Save his family? Or save the world?

Last week I reviewed the first book in the Hollow Earth series, which I really enjoyed. The second book, Bone Quill, was just as big a treat as the first book was, perhaps even more so as some of the elements I enjoyed in the first book had a larger role in this book and we got to see more of the adults and their history. As this is book two in a series and this book starts where the previous book leaves off and deals with the fall out of that earlier book, it is impossible to discuss Bone Quill without giving spoilers for Hollow Earth. If you want to remain unspoiled it would be wisest to not read any further.

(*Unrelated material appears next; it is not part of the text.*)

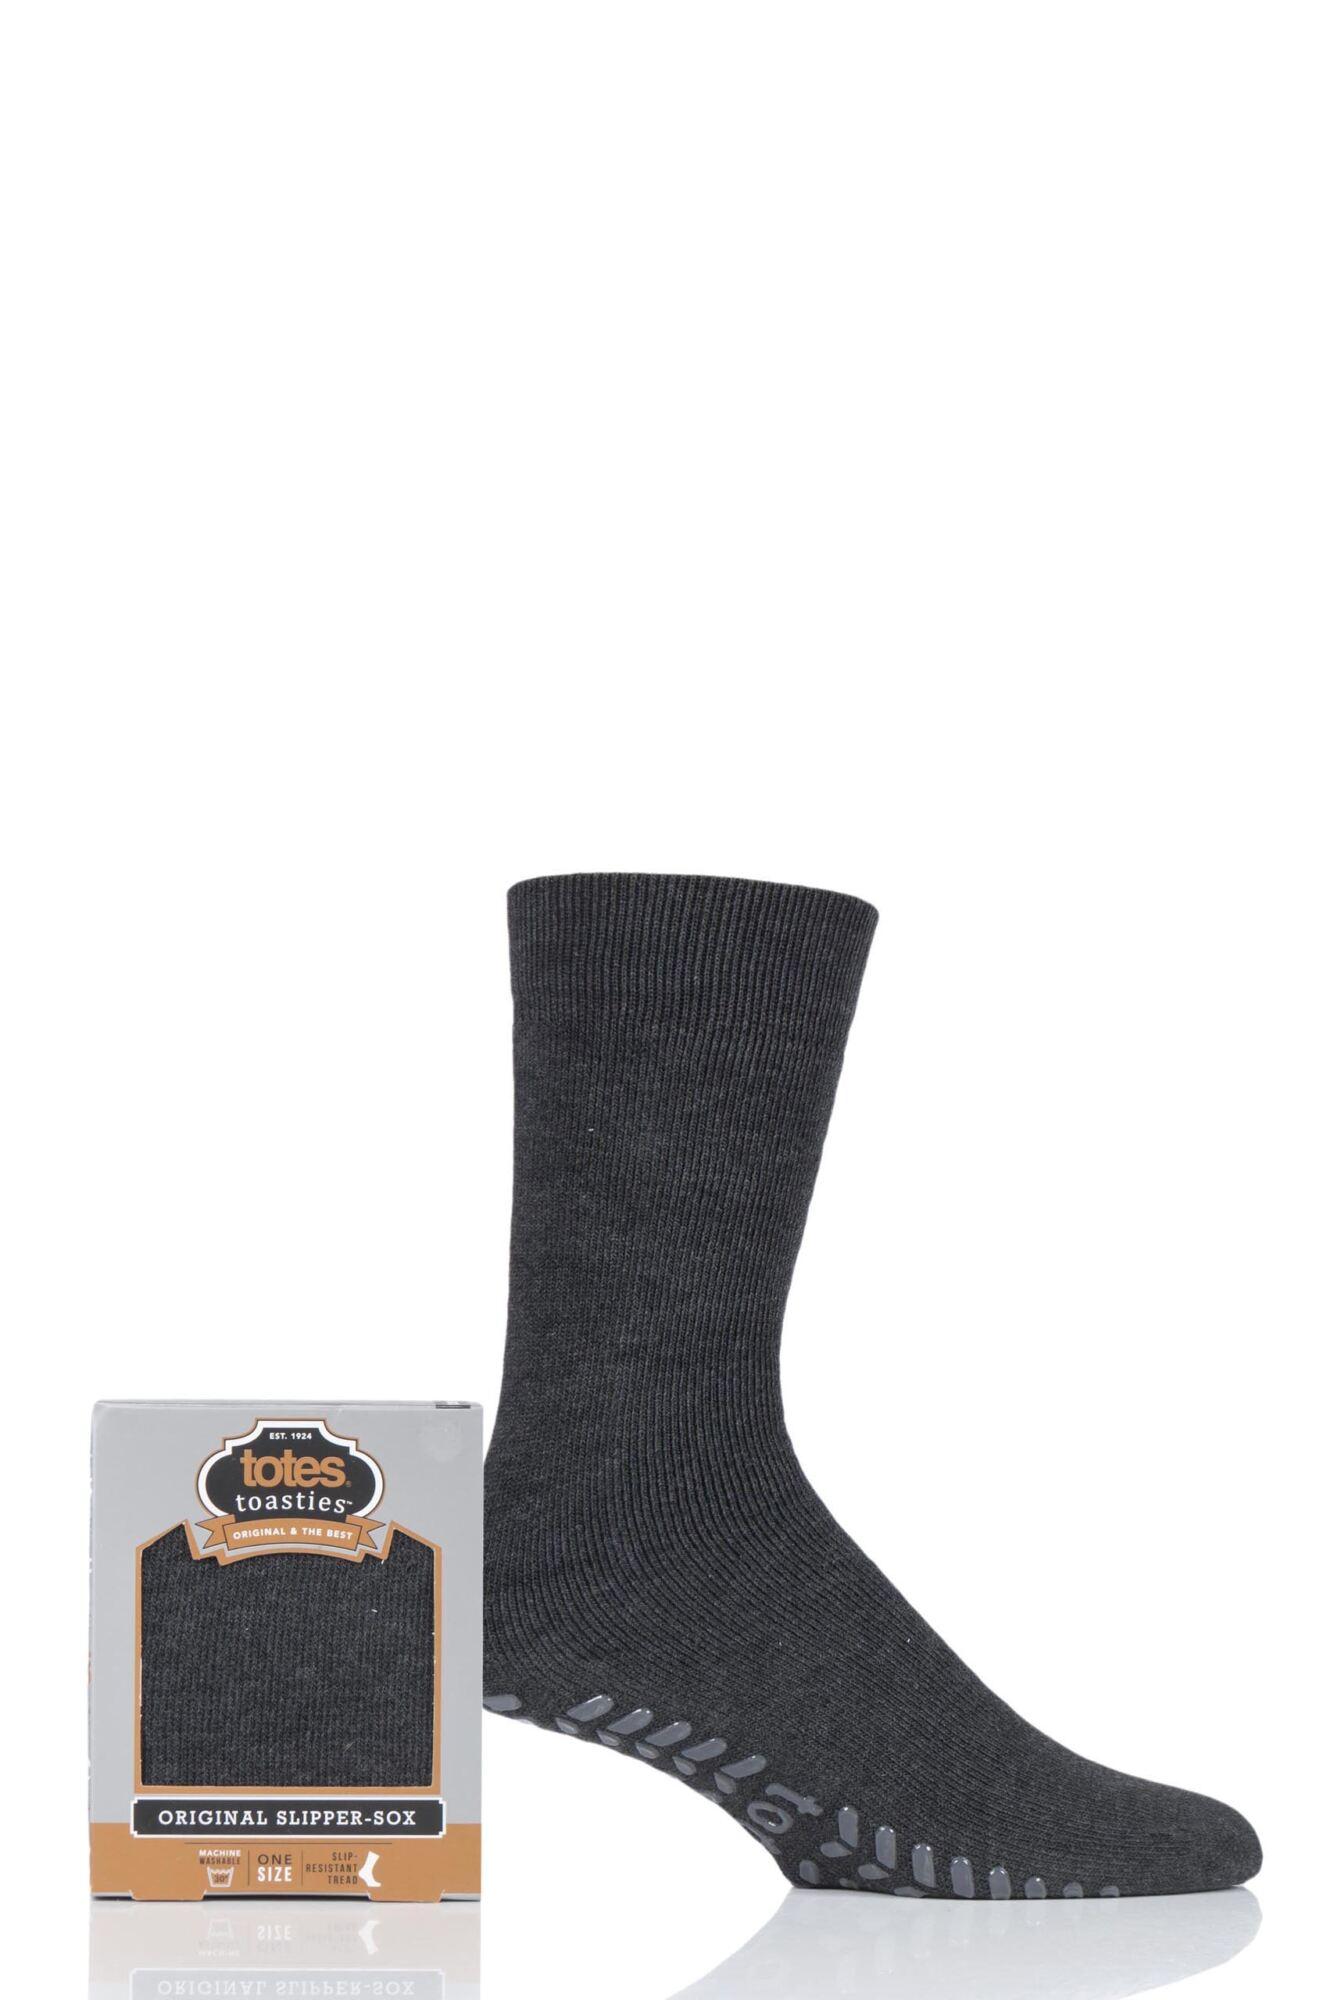 1 Pair Originals Slipper Socks Men's - Totes

The biggest new element in the story is Em and Matt’s discovery that they cannot just animate themselves into a painting, they can actually time travel using the paintings. This is quite a cool application of Animare powers I’d never had thought of in the last book. Imagine all the possibilities of such an ability! Of course, Em, Matt, and Zach do and they have quite the adventure. Bored out of their minds after having been confined to the Abbey grounds after the events in the last books, Matt decides to animate himself into a painting of Victorian London to alleviate his boredom, something expressly forbidden by his grandfather and Simon. I loved the short adventure the kids had in the Victorian age, which focused on the awful living conditions of the poor and on the dangers of Victorian society for a deaf boy, but I did have some trouble with Matt’s all but black-mailing Em and Zach into accompanying him. It’s something he does repeatedly and mostly without any lasting repercussions and I just wish Em and Zach would just stand up to him for once as he can be a bit of a bully.

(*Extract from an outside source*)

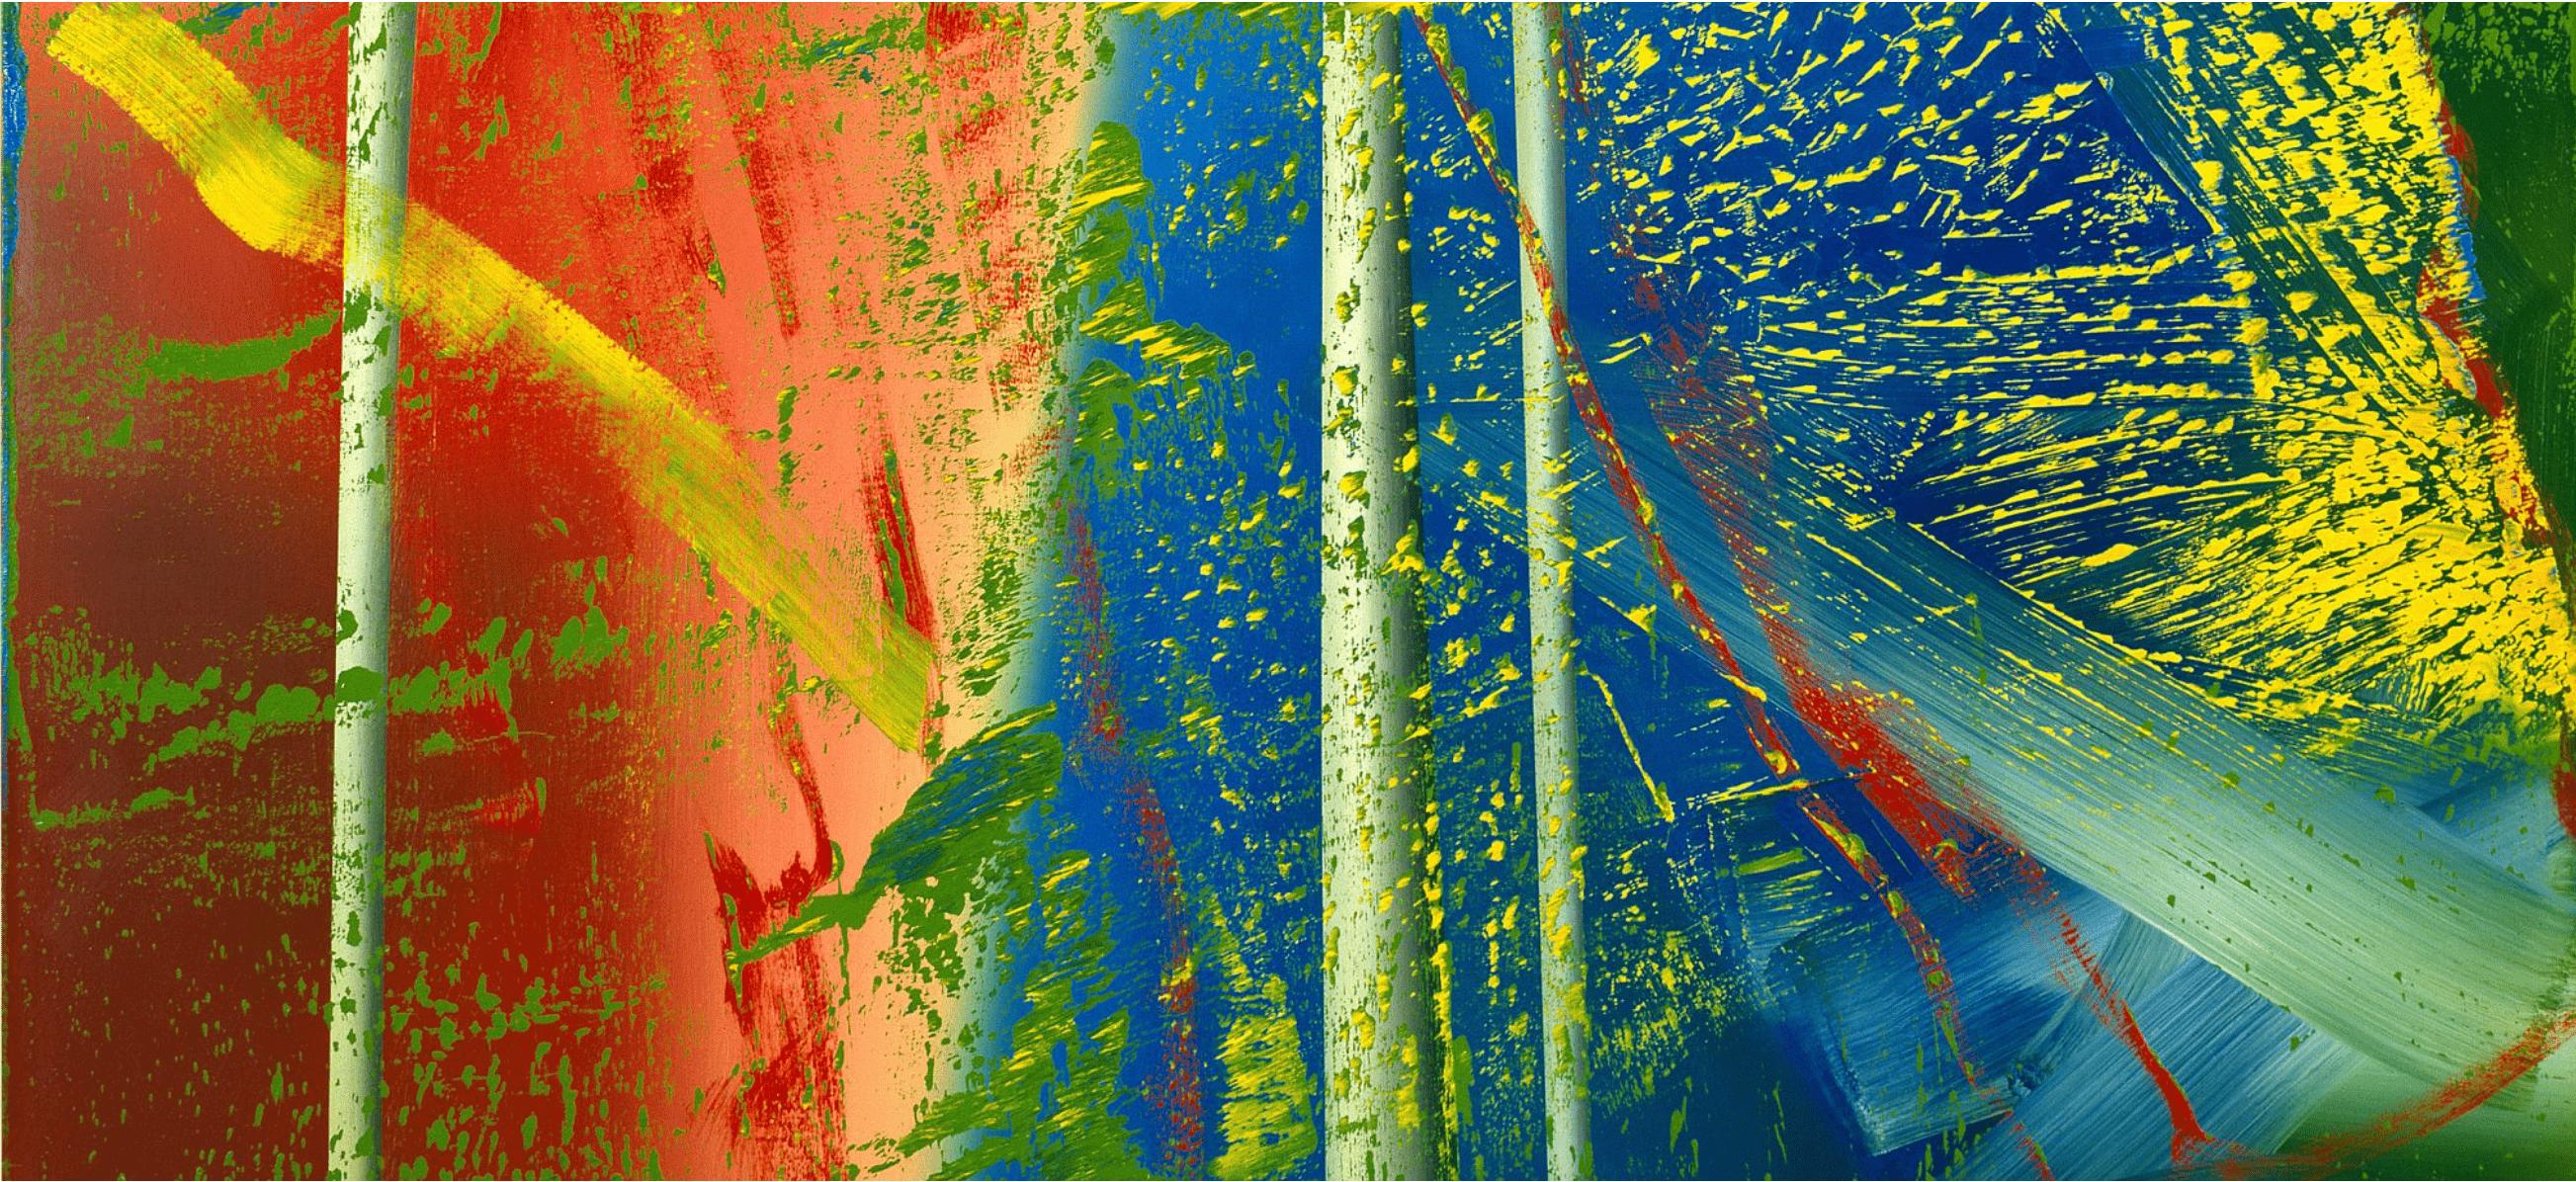 Gerhard Richter: Abstraktes Bilder

The twins’ time travelling ability also creates a far closer connection to the storyline set in the Middle Ages. I enjoyed the fact that we learned more about what happened to Solon and the larger role he has to play in this book. The closer interaction also meant we get more background on the history of the Hollow Earth and also on the Calder family background. Their connection to Era Mina turns out to go far further back than I’d expected. The mythology of the world is developed further as well and I really enjoyed learning the full background to the myth of the peryton. However, it does highlight in a rather direct way the tendency of the narrative to lean towards a black and white delineation between good and evil. You have the beneficent creatures such as the peryton and the good Animare and Guardians – Brother Renard, the Abbot, Grandpa Renard, and Simon to name a few – and the evil creatures, such as the Grendel, the black peryton, and the hell hounds and the evil-intentioned Animare and Guardians, such as the twins’ father, several of the members of the Council of Guardians, some of the medieval monks and Mara. There are only a few grey characters in the story, even if those include our protagonists, especially Matt.

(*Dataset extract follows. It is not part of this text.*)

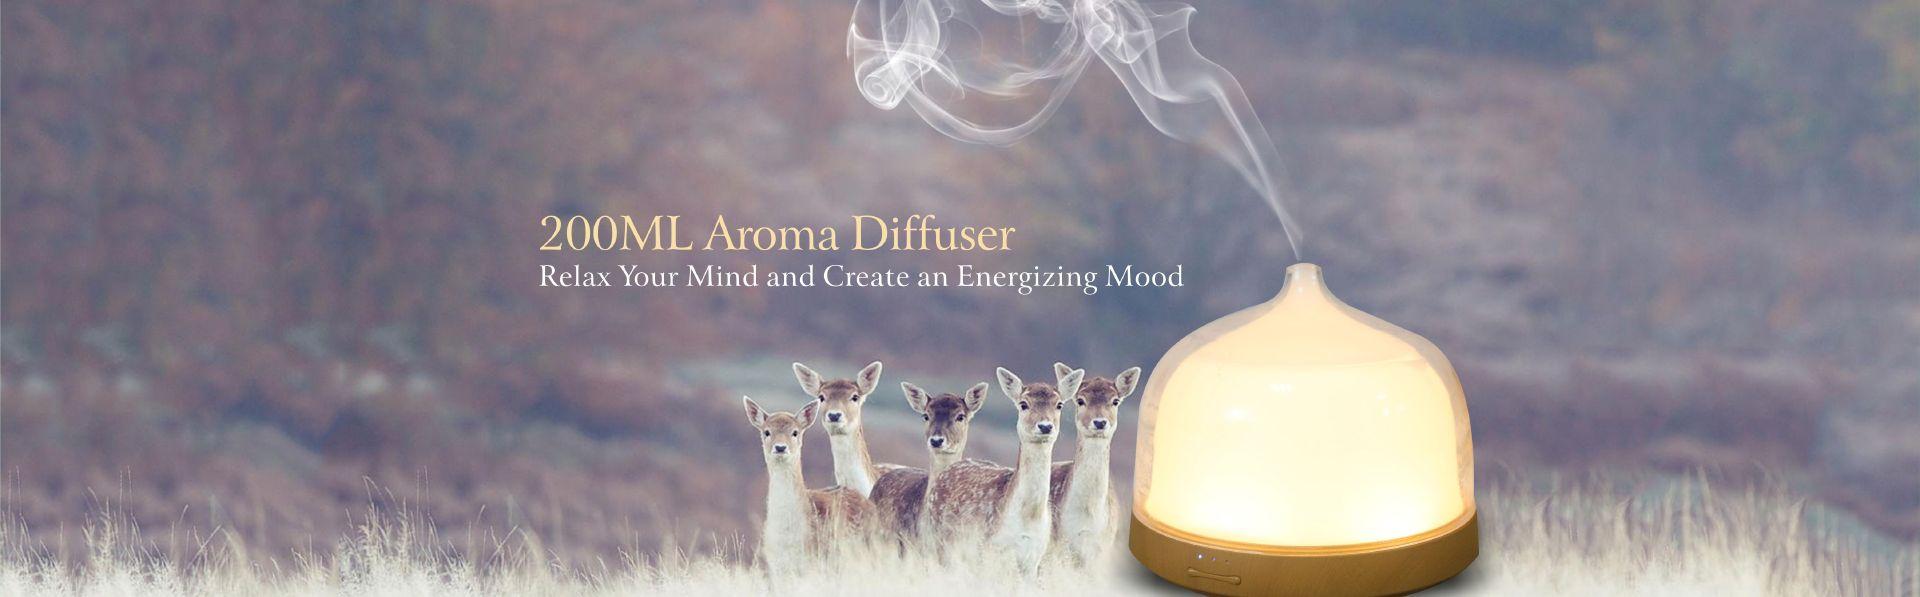 400mL Wood Grian Aroma Diffuser Mini Humidifier

As in Hollow Earth, my main frustration was that the twins, mainly Matt, make decisions and take actions that were rather infuriating. In some ways their choices are understandable, but at the same time they are quite hair-tearingly frustrating and rather dumb. But as I said in my Hollow Earth review that has to be my parent brain thinking, because I know at that age I wouldn’t have blinked at such behaviour. The addition of the character of Carik, a Viking girl who stowed away as a warrior on the raiders’ ship was a welcome one to the medieval timeline. She’s different and brave and quite unexpected. Another intriguing addition was Duncan Fox. The founder of the original (non-sinister) Hollow Earth Society makes an appearance and does so in grand style. It does have to be said that the Barrowmans aren’t afraid to shock young readers by killing off characters; blood flows and lives are lost in this book and show that where there is struggle there will be consequences.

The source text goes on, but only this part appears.